Now owning both RF7 III and now cornwall IV.. I am so angry with myself because I have my listening ear totally confused. The speakers are so very close. I have a speaker selector switch and I can switch from one pair to the other pair  within a second.I drive FL, center and FR with emotiva 275 watt amp and my other surrounds with Yamaha RX-A 3080 165 Watts per channel... I have been going back and forth 100 times so I can distinct the differences. There is a difference from cornwallIV and RF7III but its a toss up to decide which one's you like better. To me when I switch back and forth playing the same sounds over and over switching speakers I can hear the cornwalls slightly more distinct and wider in sound delivery. The RF7III is more of a compact sound since they are not as wide yet also they are also in the lower midrange and the cornwalls playback is slightly in the upper mid range that give a little more crispness.also the wider cornwall IV is a hugh factor in the wider sound.

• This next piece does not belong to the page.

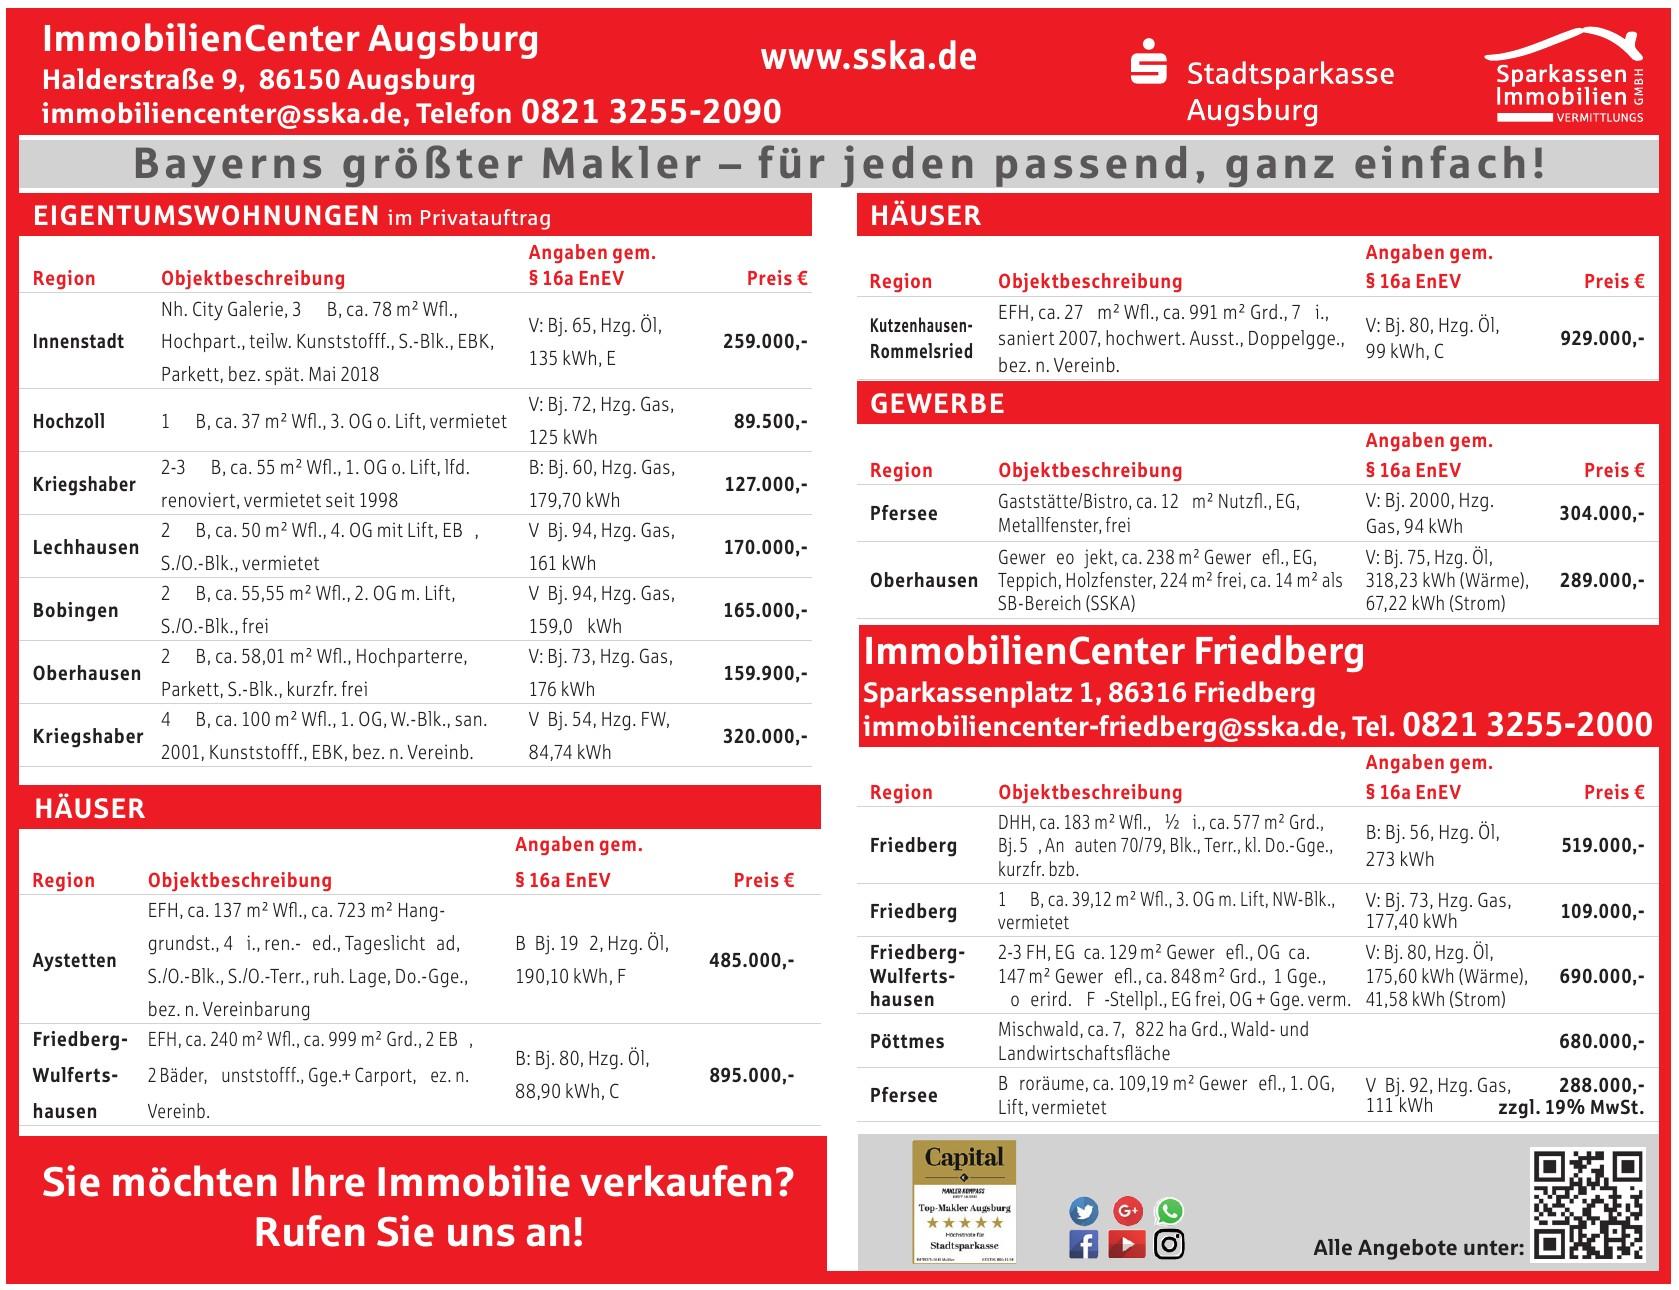 Immobilien Center Augsburg

They both deliver great sounds and I find to me owning both pair is not justified and I must make a choice as hard as it is I choose the cornwalls over the RF's.  I also played both with my other surrounds and watch latest digital technology movies and man yes the cornwall to me is a hair more desirable. I have klipsch center RC-64III and surrounds are RP 500S  and 4 ea. 500SA.. I use 2 atmos front atmos and 2 rear surrounds using the selector switch.  I find the cornwalls IV's  match great with my center channel and the wideness again delivers a broader sound in watching hi tec movies. To mention it to me is NOT an easy decision.. I guess the higher price of the cornwalls in this case kindof makes it a value added choice Just in my opinion.  Do not let someone say the cornwalls are more of  a music speaker and the RF's are more of a movie speaker. NOT SO ! They both do well if they are properly matched with components...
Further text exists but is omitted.